A new way to apply for special events within city limits approved
The city will be establishing a new code when it comes to special events and block parties within the Dodge City city limits.
Commissioners approved an ordinance where the process for submitting a request for a special event or block party will be handled.
According to assistant city manager Ernestor De La Rosa, the ordinance would replace the current administrative process that had been in place.
"This will be more comprehensive to establish a process that is sufficient and robust for all special events in Dodge City," De La Rosa said.
The model for the ordinance was modeled from the City of Manhattan, Kans., the permit application will consist of a person or entity submitting for a special event permit, to be done at least 14 calendar days before the date of the special event; For a special event permit that includes alcoholic beverages at the special event, at least 30 calendar days before the special event and for a block party permit, at least seven calendar days in advance of the block party.

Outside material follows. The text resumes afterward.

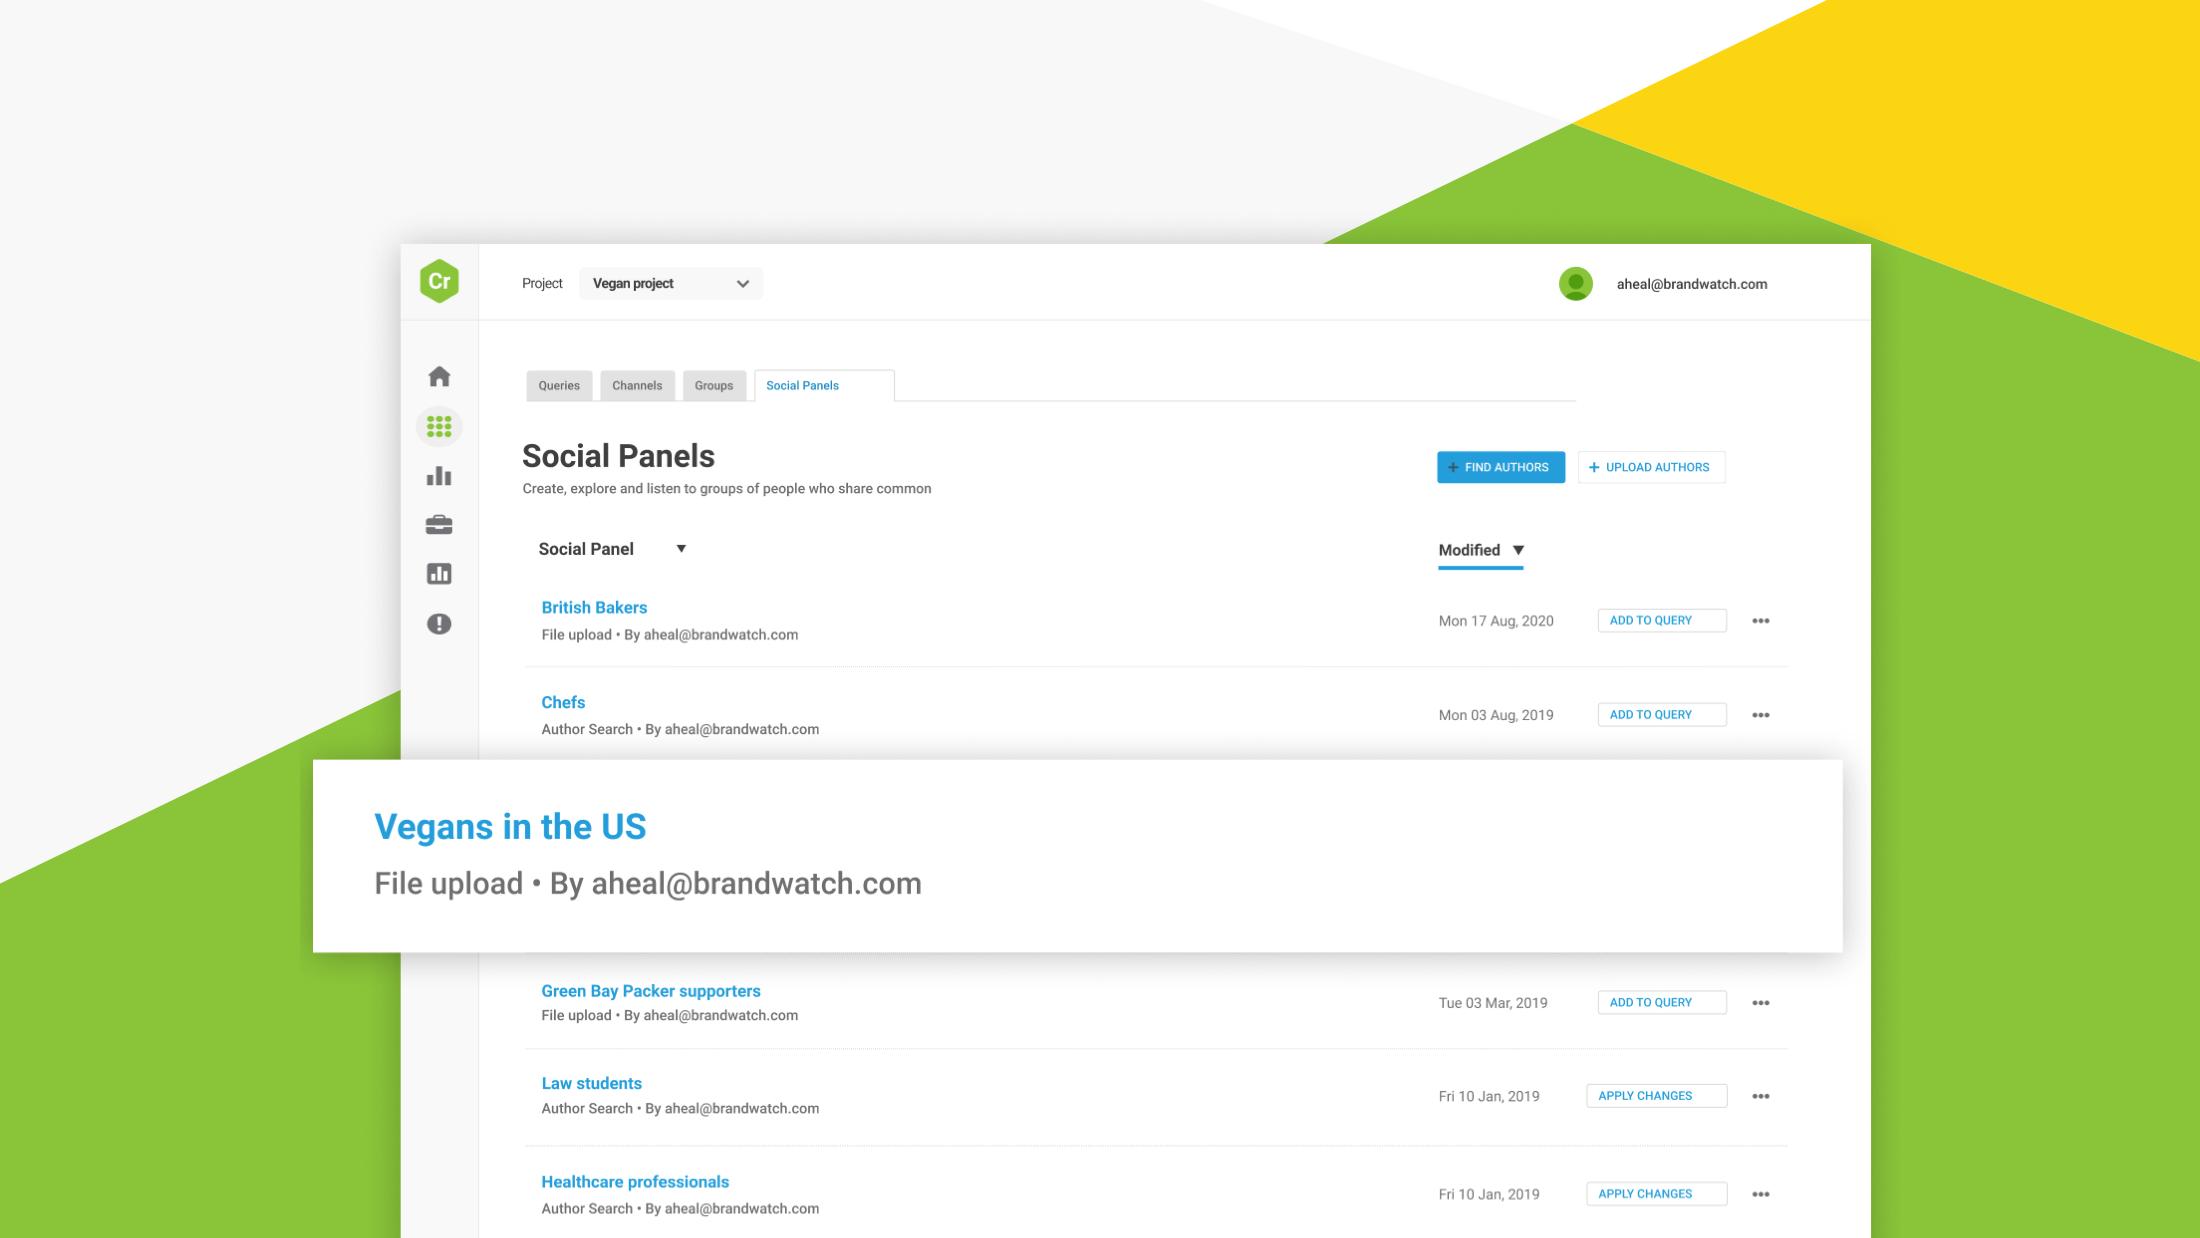 Introducing Social Panels: Understanding Your Consumers Just Got Simpler

Fees for the application will be $25 for a special event permit per day; $50 for a special event permit per day with alcoholic beverages and $25 for a block party permit.
According to city officials, a special event is defined as, "Activities to be held in a single location on, or on a route throughout, city streets, sidewalks, parking lots, public plazas, or on or within other city property or facilities, including but not limited to parades, ceremonies, shows, exhibitions, pageants, circuses, carnivals, fairs, festivals, pep rallies, rodeos, concerts, animal shows, organized sports competitions and races, and sale, fundraising or promotional activities.
"A special event may occur on a single date or on a series of dates within one calendar year. Each single special event date in a series of dates shall be of the same scale and involve substantially the same purpose, site plan and vendor(s)."
A block party, "Shall mean the closure of a street, or a portion of a street, in a residential zoning district for an outdoor gathering or activity of the occupants of the residences adjacent to, and nearby, the closed area."
De la Rosa added that if an application is denied, an appeal process will be in place for the city manager's office to review.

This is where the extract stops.